Фашисты приходят в ярость. Бой становится ожесточенным. Падает еще один «мессершмитт». Неподалеку два наших самолета тоже дымят. Это Мозеров и Кравченко. Они отстают, упорно отбиваясь от нападающих. Кравченко меткой очередью, почти в упор расстреливает «сто десятого». Два фашиста с хвоста бьют по его самолету. И вдруг машина Кравченко разваливается в воздухе, буквально на наших глазах... Неравный бой ведет в стороне кубанский казак Мозеров. К нему на выручку спешит Орлов, но не успевает: вражеская стая окружила самолет Мозерова, путь преграждают огненные трассы. Вот останавливается мотор, истребитель объят пламенем. Почему же Мозеров не прыгает? Ведь есть еще возможность покинуть самолет. Убит? Нет, жив. В последний раз его истребитель взмывает и таранным ударом снизу вверх разбивает в куски «мессершмитт». Меня душит гнев...

Бомбардировщики по-прежнему идут сомкнутым строем. Теперь мы защищаем их семеркой.

Однако и мой самолет стал терять скорость. Сказалась перегрузка — у мотора оборвался шатун. Используя высоту, я перешел в пике. Три «сто десятых» понеслись за мной. Двое зажимают справа и слева, третий поливает огнем сзади. Мой истребитель, падая в отвесном пике, как маятник, покачивается из стороны в сторону, чтобы не дать идущему в хвосте «мессеру» вести прицельный огонь. Сколько я могу так качаться? Принимаю решение — атаковать врага!

Ловлю момент и неожиданно бросаюсь под брюхо «мессершмитту», выходящему из пике. «Ну, теперь держись, гад!» Небольшое движение рулем — и изо всех пулеметов бью в упор по фашисту. Двухкилевой, со свастикой хвост, срезанный очередью, вращаясь, падает вниз.

«Неплохо! Отвлек на себя трех «мессеров» и одного из них сбил». Однако скорость потеряна, да и высота уже не та. Резкий переворот через крыло, и пикирую в сторону своей территории. Высота метров пятьсот. И вдруг прямо подо мной, над белоснежным ущельем пролетает Орлов, а вслед за ним три «сто девятых». С каждой секундой расстояние между ними сокращается. Я с ходу атакую ведущего, выпускаю в него весь остаток боезапаса: «мессершмитт» взрывается в воздухе. Его ведомые резкими разворотами разошлись в стороны, но, опомнившись, остервенело бросаются на меня. Зайдя в хвост, они в упор расстреливают мой самолет...

Из правой плоскости, изрешеченной снарядами, вместе с огнем вырвался клуб черного дыма. Я резко развернул самолет влево и, скользя на крыло, скрылся в ущелье. Вражеские истребители проскочили мимо...

Потоком набежавшего воздуха пламя сбито с крыла. Пытаюсь сесть, но скорость намного больше посадочной. Ущелье короткое. Впереди темная, отвесная стена сопки. Успеваю взять ручку на себя. Самолет перескакивает скалу. Глаза поспешно ищут другое ущелье. Вот оно... Левее... Небольшой доворот, и планирую туда...
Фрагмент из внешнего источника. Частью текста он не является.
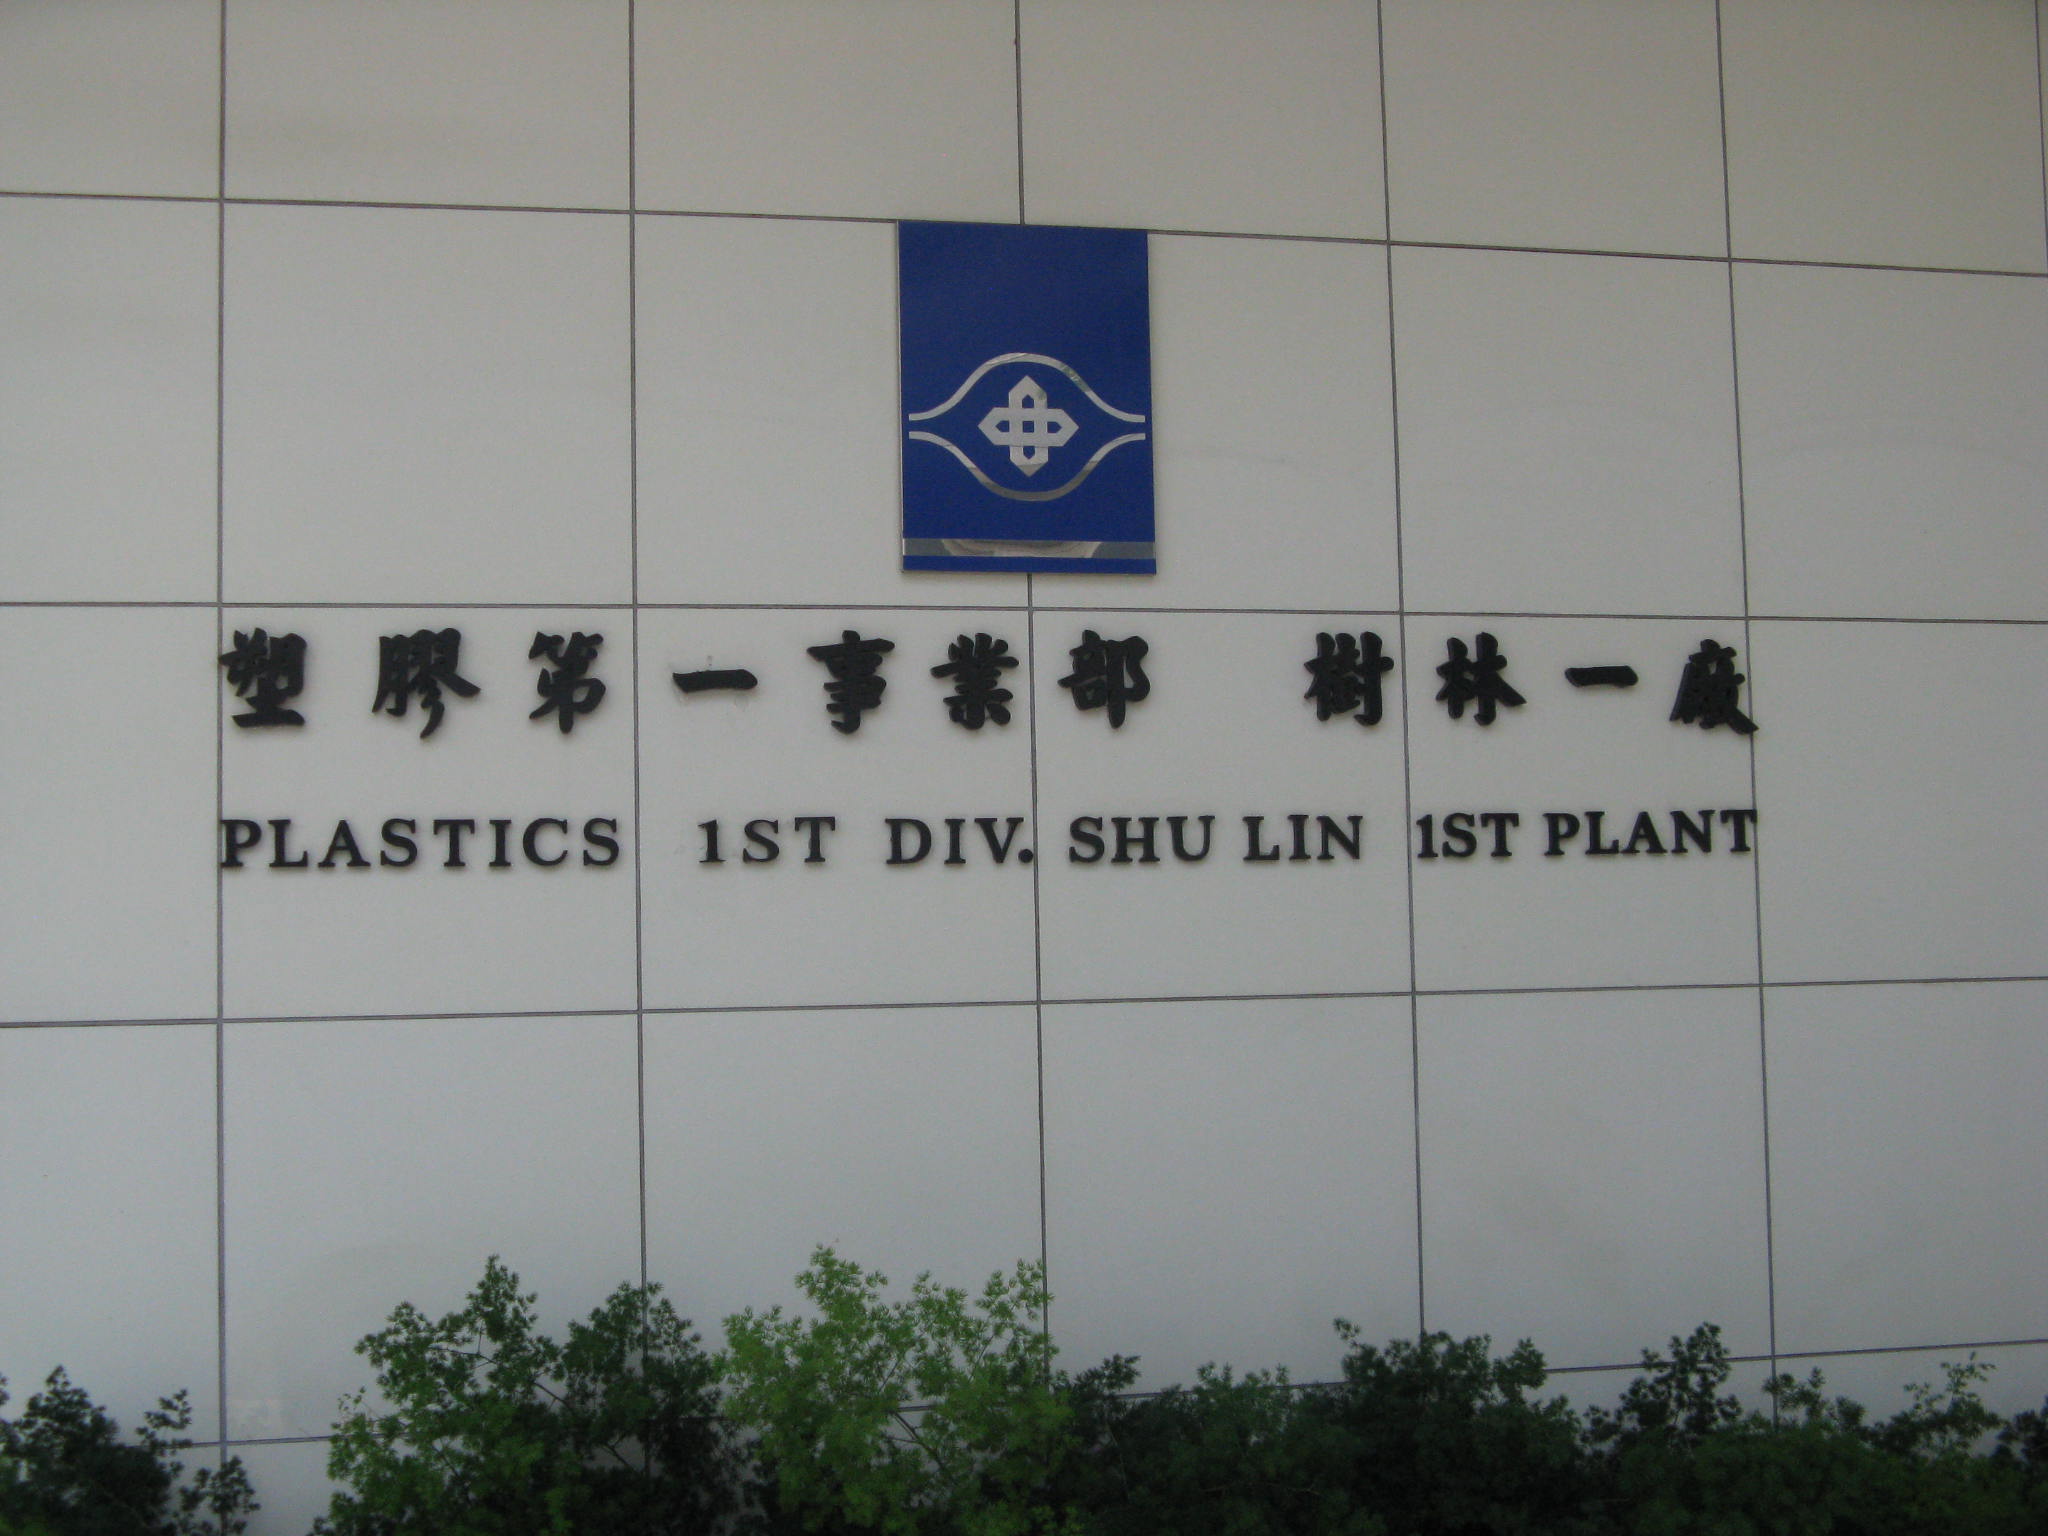 南亞塑膠工業股份有限公司塑膠第一事業部樹林一廠

Убеждаюсь: не сесть... В конце посадки врежусь в гранит. Снова бросаю самолет в скольжение на левое крыло, и на этот раз до земли. Удар...

И больше я ничего не помнил...

Преодолевая головокружение, пытаюсь подняться на ноги... Что-то мешает. Черт возьми! Да на мне парашют, а поверх лямок болтаются привязные кабинные ремни. Отстегнув их, освобождаюсь от парашюта. С трудом поднимаюсь и с удивлением определяю, что от места моего приземления до разбитого самолета — не менее двадцати метров.

«Ничего себе! — думаю я. — Удар был хорош. Счастье, что на пути оказался сугроб. В общем, «повезло».

Проваливаясь в снег, подошел к самолету. От него остались лишь жалкие обломки. Вместо воздушного винта торчали рогаткой острые, расщепленные куски склеенного дерева. Левое крыло сгофрировалось и стало похожим на растянутый мех гармошки, правое перекосилось, дюраль почернел от дыма, — в нем зияли рваные отверстия. Мотор сорвало с болтов, и всей своей массой он въехал в кабину, раздробил приборную доску и наглухо прижал к сиденью ручку управления. Увидев это, я невольно вздрогнул: «Что стало бы со мной, если бы меня не выбросило из кабины?»

Стоя на крыле и рассматривая разбитую кабину, невзначай заглянул в сферическое зеркало, укрепленное в верхней части фонаря, за лобовым стеклом, и ужаснулся: на лбу, ближе к левому виску, зияла кровоточащая рана. Кровь залила лицо, левая глазница походила на сплошную кровавую массу. Я испугался не на шутку.

«Значит, глаз выбит. Вот и отлетался». Осторожно дотронулся до глаза. И мне стало легче: глаз, оказывается цел. Достав носовой платок, стер запекшуюся кровь с левого глаза и закрыл ладонью правый. Если не считать легкой туманной дымки, он видел, как и прежде.

Спрыгнув в снег, подошел к фюзеляжу, оторванному вместе с хвостовым оперением. Там находилась аптечка, бортпаек и лыжи с палками — все, что так необходимо. От аптечки почти ничего не осталось. Вата, как иней, залепила всю внутренность фюзеляжа. Бинты посечены осколками снарядов. К моей радости, флакон с йодом уцелел. Цилиндрической формы, он был изготовлен из толстого, небьющегося стекла. Перед сферическим зеркалом я оказал себе первую помощь. Затем достал бортпаек. Банки с мясной тушенкой изрешетили пули. Одна из пуль, пробив пять плиток шоколада, впрессовалась в шестую. Что касается галет, то они превратились в толченые сухари.

Прежде всего решил подкрепиться. Достал карманную флягу, отпил несколько глотков коньяку и съел полплитки шоколада. Однако от этого лучше не стало. С трудом, встал на лыжи, уточнил по компасу курс и, захватив остатки бортпайка, сигнальный пистолет, ракеты, двинулся на восток по целинному снегу, резавшему глаза нетронутой белизной.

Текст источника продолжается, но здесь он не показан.